A new French-funded project will make the first multi-disciplinary all-round study of a volcano, including a muon detector based on technology developed under CALICE (CAlorimeters for LInear Collider Experiments) that will record its inner structure. The location is on one of the Aeolian Islands off Sicily in Italy called Vulcano. Topographical, geological, satellite and seismic data will be combined with information about gravity, temperature, gas mixture and of course muography to create a case study that will probably some day be applied to understand and predict the behaviour of all similar volcanos.

This vulcano will be the object of the first multi-disciplinary study, also including muography. Image: Cristina Carloganu

This vulcano will be the object of the first multi-disciplinary study, also including muography. Image: Cristina Carloganu

The leader of the muography part of this exhibition is Cristina Carloganu from the IN2P3-Laboratoire de Physique LPC in Clermont-Ferrand, France. Carloganu did her PhD at the ANTARES neutrino detector (which studies muons caused by neutrinos), has worked on the LHCb experiment at CERN and helped develop the different calorimeter types for CALICE under AIDA. When she heard about muographic studies of volcanoes in Japan and the technology used for them, she thought that the RPCs she had been working on could probably improve the resolution of future studies of this kind.
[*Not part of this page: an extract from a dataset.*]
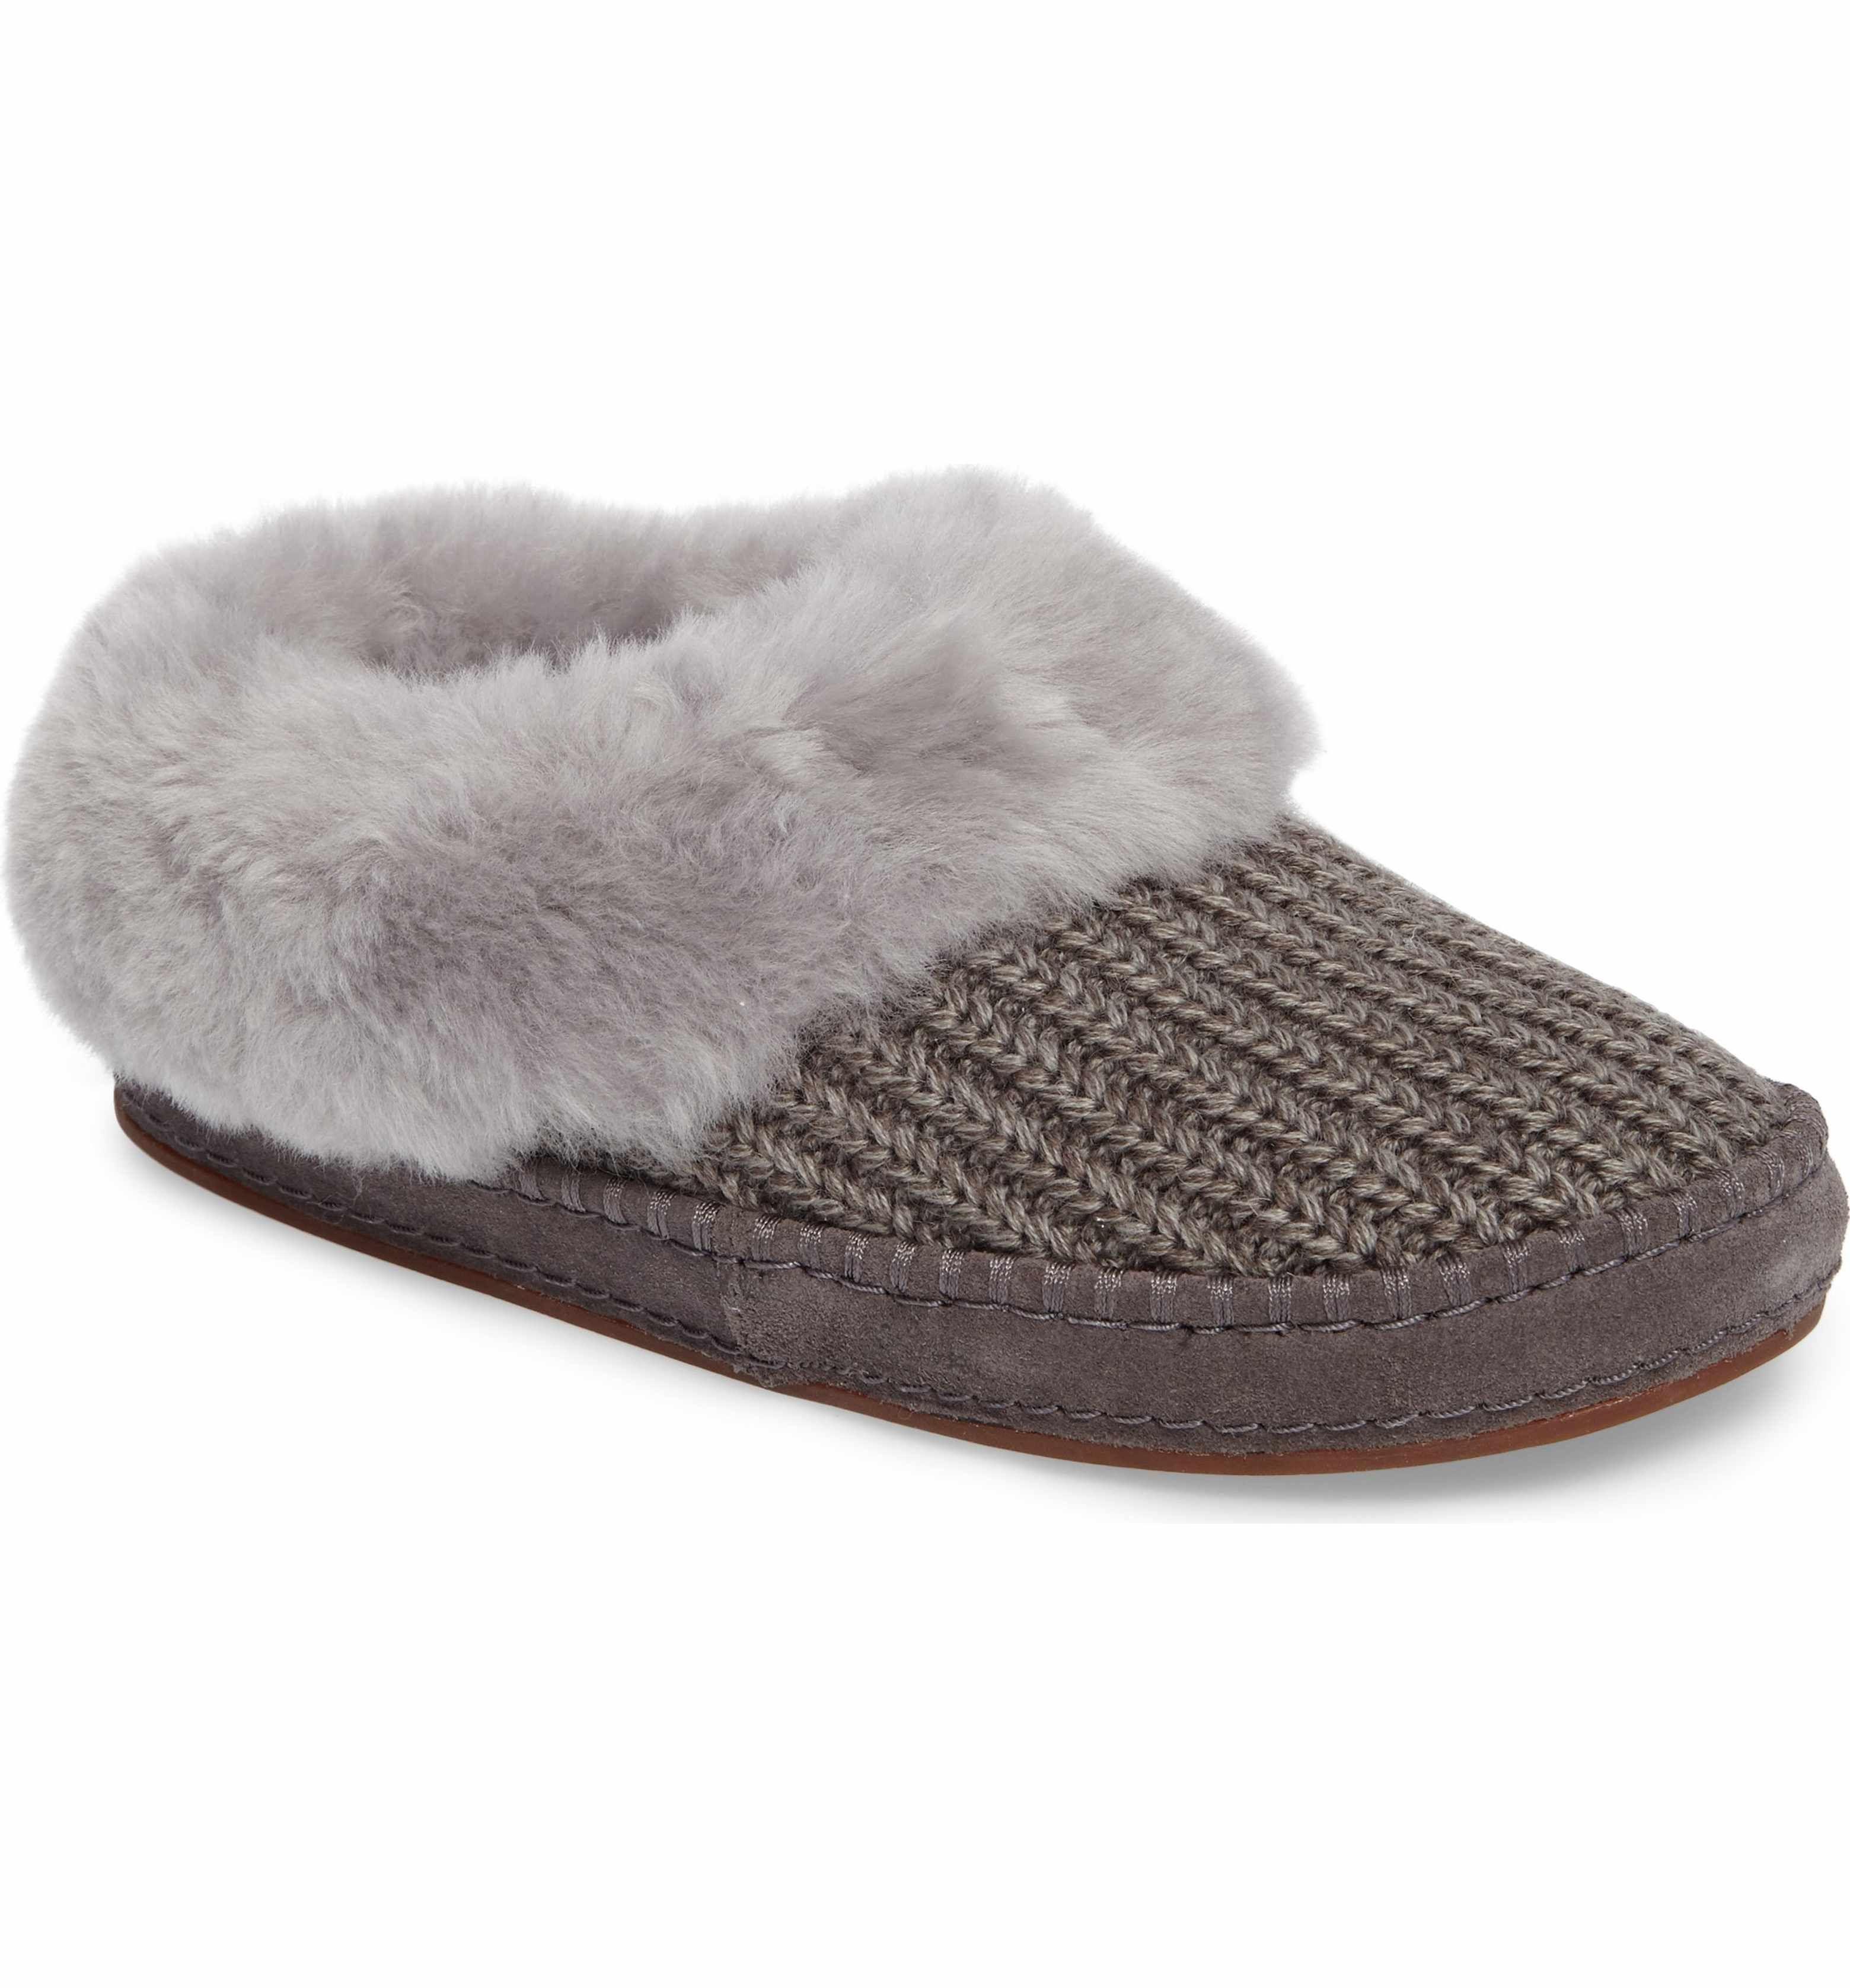 balega comfort review dry socks comforter hidden leave epic run

Re-using gas RPC chambers built in Lyon for CALICE and building new ones she “X-rayed” her first (extinct) volcano, the Puy-de-Dome in central France, as part of the “TOMUVOL” experiment. “It was the first muographic study of a volcano thicker than a kilometer,” she recounts.

The new project is taking volcano muography to a new level. First of all Vulcano is an active, hydrothermal system. “That means that there is lots of movements of fluids inside the mountain,” Carloganu explains. “The status of the volcano depends on the path of these fluids and how it opens and closes. Our detector will help make this visible.” Secondly, the detector is out in the wild, without gas or electricity supply and potentially exposed to storms, lightning and cable-hungry animals.

The solution to these problems, housing a self-sustained detector in a container, might eventually feed back into how detectors in high-energy physics are built and run. One of the improvements that is coming out of this study of Vulcano is a much lower gas consumption and gas tightness of the RPCs, which is an important factor for LHC experiments as well.

RPC technology was also used for a Mars study (where the Utah desert plays Mars). Image: UCL to Mars

RPC technology was also used for a Mars study (where the Utah desert plays Mars). Image: UCL to Mars

The same practical problems are being addressed by Andrea Giammanco from the Centre for Cosmology, Particle Physics and Phenomenology in Louvain-la-Neuve, Belgium. He is working on a small-area rather than a large-area detector . He and his team have developed a prototype of a portable, battery-driven small-area detector with very high resolution and very low power consumption and no gas leakage to also study archaeological or geological phenomena “in the wild.” The prototype has even taken part in a Mars study project in the Utah desert. The whole detector is based on RPC studies for the CMS experiment at the LHC and might soon go into serial production with a bit of luck and funding from industry.